西暦921年、プシェミスル家のヴァーツラフがボヘミア(チェコ)の大公となった。


マジャール人の攻撃によるモラヴィア崩壊

9世紀の初頭、現在のチェコとスロヴァキア付近に、スラヴ人の国家モラヴィアが建設されたんだ。その最初の君主モイミールは、ザルツブルク大司教座によるキリスト教布教を受け入れ、モイミール自身もカトリックの洗礼を受けたと考えられている。

ところが、西暦897年、隣接するカルパチア平原にマジャール人が侵入してきた。そして、西暦902年には、マジャール人の攻撃によって、スラヴ人の国モラヴィアが崩壊してしまった。(他方でマジャール人はカルパチアにハンガリー王国を建設することになる。)

プシェミスル家のボヘミア大公ヴァーツラフ

モラヴィアの崩壊後、混乱するボヘミア(現在のチェコ)では、プラハを拠点とするプシェミスル家が勢力を拡大していった。

チェコの首都プラハ市内にある聖ヴァーツラフ像 そして西暦921年、プシェミスル家のヴァーツラフがボヘミア大公となり、以後はプシェミスル家がボヘミア(現チェコ)を支配していくわけだ。(但し、ヴァーツラフ大公はザクセン家の東フランク王ハインリヒ1世の宗主権を認めていたらしい。)

西暦929年(あるいは935年)にボヘミア大公ヴァーツラフは、弟のボレスラフ1世によって暗殺されてしまう。でも、ボヘミア大公ヴァーツラフは、後にボヘミアの守護聖人とされ、聖ヴァーツラフと呼ばれるんだ。(右の画像は、現在のチェコの首都プラハにあるヴァーツラフ広場で見ることの出来る聖ヴァーツラフ像。
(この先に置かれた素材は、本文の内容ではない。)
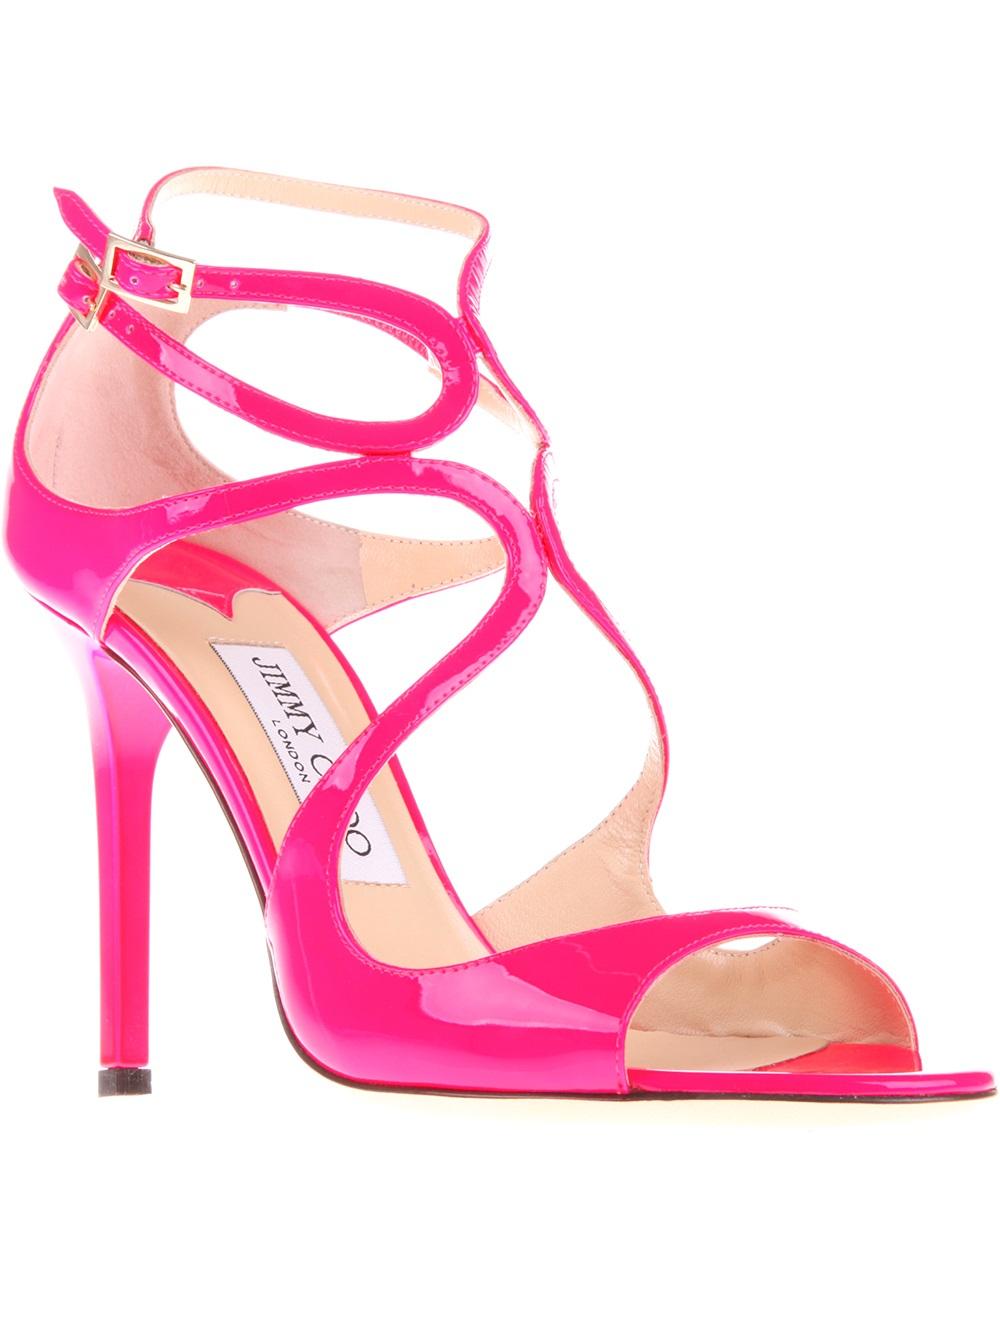 pink jimmy choos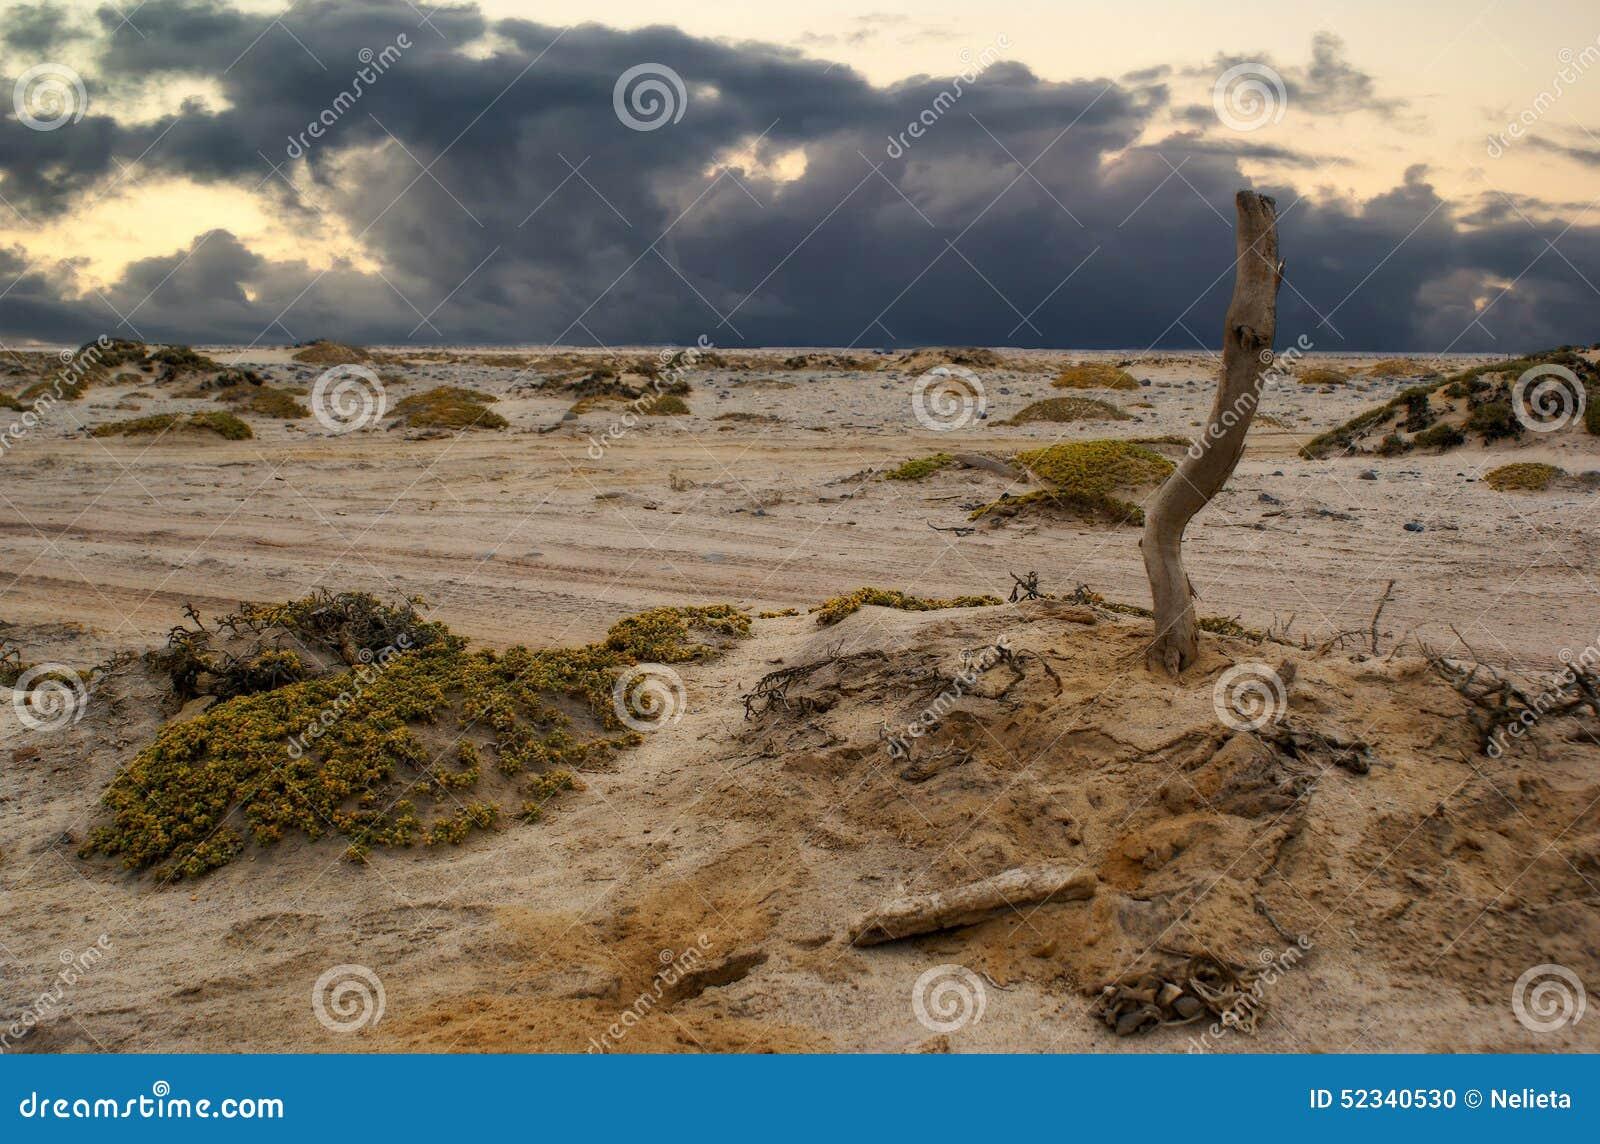 Desertera namib

)

プラハ城内の聖ヴィート教会(チェコ)

チェコの首都プラハ市内にある聖ヴィート教会 ザクセン家の宗主権を認めたボヘミア大公ヴァーツラフは、ザクセンの聖人ヴィートの遺骨の一部を譲り受けて、プラハ城内に聖ヴィート教会を建てた。

右の画像は現在の聖ヴィート教会の様子なんだけど、聖ヴィート教会は西暦1344年に改築されているから、ボヘミア大公ヴァーツラフの頃の姿を残してはいないんだろうね。
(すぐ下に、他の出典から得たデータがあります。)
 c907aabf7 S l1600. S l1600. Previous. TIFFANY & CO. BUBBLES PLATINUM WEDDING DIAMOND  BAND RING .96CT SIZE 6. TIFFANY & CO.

余談ながら、現在のヴィート教会では、アルフォンス・ミュシャのステンド・グラスを見ることも出来るよ。

その後のプシェミスル家とボヘミア(チェコ)王位

その後もボヘミア大公位を保ち続けたプシェミスル家は、ボヘミア国内の有力貴族を抑え、更に権力を強化していった。そして西暦1085年には、プシェミスル家のボヘミア大公ヴラチスラフ2世に、一代限りの王位が認められたんだ。(あくまでも一代限りで、世襲できない王位だったけど。)

西暦1190年、神聖ローマ皇帝フリードリヒ1世が亡くなり、皇帝位をめぐってのシュタウフェン家とヴェルフェン家との対立が激しくなった。ボヘミア大公プシェミスル・オタカル1世は、シュタウフェン家を支持した。

やがてシュタウフェン家のフリードリヒ2世が神聖ローマ皇帝となり、西暦1212年にプシェミスル家に世襲的なボヘミア王位を認めたんだ。

プシェミスル家の断絶とルクセンブルク家

その後はボヘミア(チェコ)の王位を継承し続け、一時はオーストリア大公位やハンガリーやポーランドの王位さえも獲得したプシェミスル家。ところが、西暦1306年にボヘミア王ヴァーツラフ3世がポーランド遠征の途中で暗殺され、ボヘミア王家たるプシェミスル家は断絶してしまった。

その後のボヘミア王位は一時的にハプスブルク家の手を経てルクセンブルク家に移り、西暦1346年にはルクセンブルク家のカレル1世がボヘミア王となった。このボヘミア王カレル1世は、後に神聖ローマ皇帝カール4世となり、ボヘミアの首都プラハは神聖ローマ帝国の都ともなったんだ。